Они простились, и Дмитрий пошел, почти побежал к своему месту на пульте. Тут он увидел, что и адмирал Джигарян принимает меры. На взлетной площадке авианосца приготовлен ракетоносец-невидимка — очень дорогой самолет, гордость американского воздушного флота. Адмирал и три высших офицера эскадры сидят в кают-компании у включенного экрана. На главном пульте в готовности номер один прильнули к своим панелям четыре оператора: полный состав счетно-решающей команды.

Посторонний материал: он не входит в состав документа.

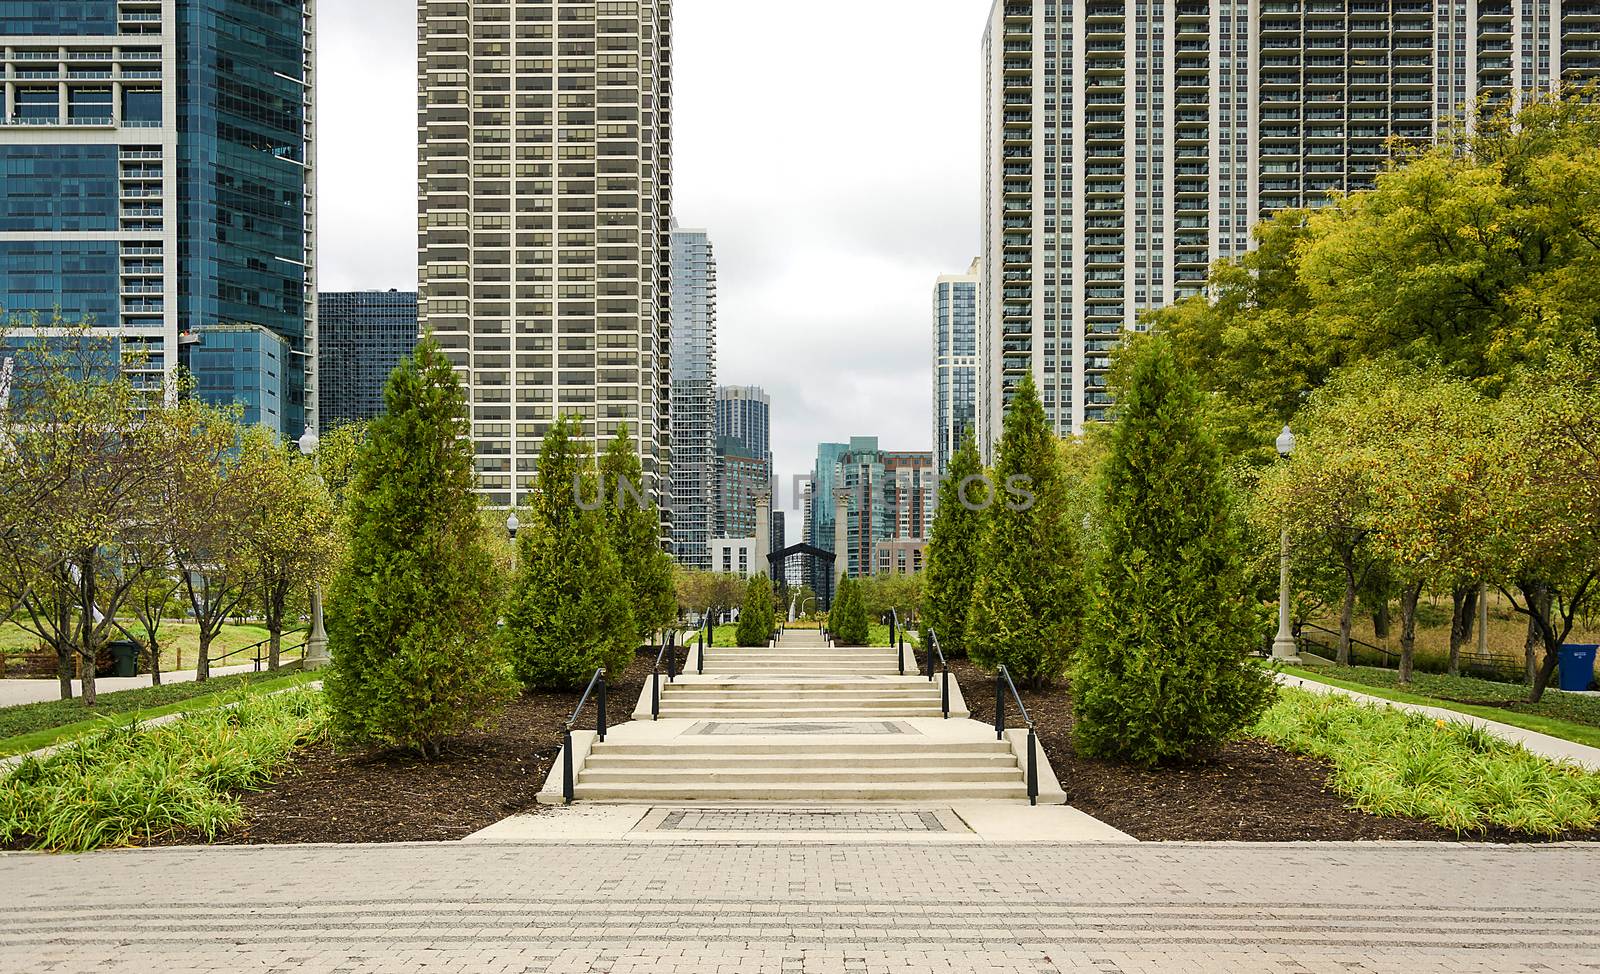 Millennium Park, Chicago by rarrarorro

Дмитрий негромким и мирным голосом сказал:
— Ребята! Вижу, вы затеваете недоброе. Я не хочу вам зла — покиньте помещение пульта. Я хозяин всей вашей электроники, и пора бы вам с этим смириться. Не побуждайте меня к крутым мерам, а своего толстого и глупого адмирала пошлите к чертям собачьим. Не то получите от меня удар.
И ребята дружно поднялись со своих мест, но тут на правой стене, где размещен большой экран, высветилась туша Джагаряна и раздался его хриплый пропитый голос:
— Сидеть! Я отдам вас под трибунал, и вы будете торчать в тюрьме до второго пришествия, матка…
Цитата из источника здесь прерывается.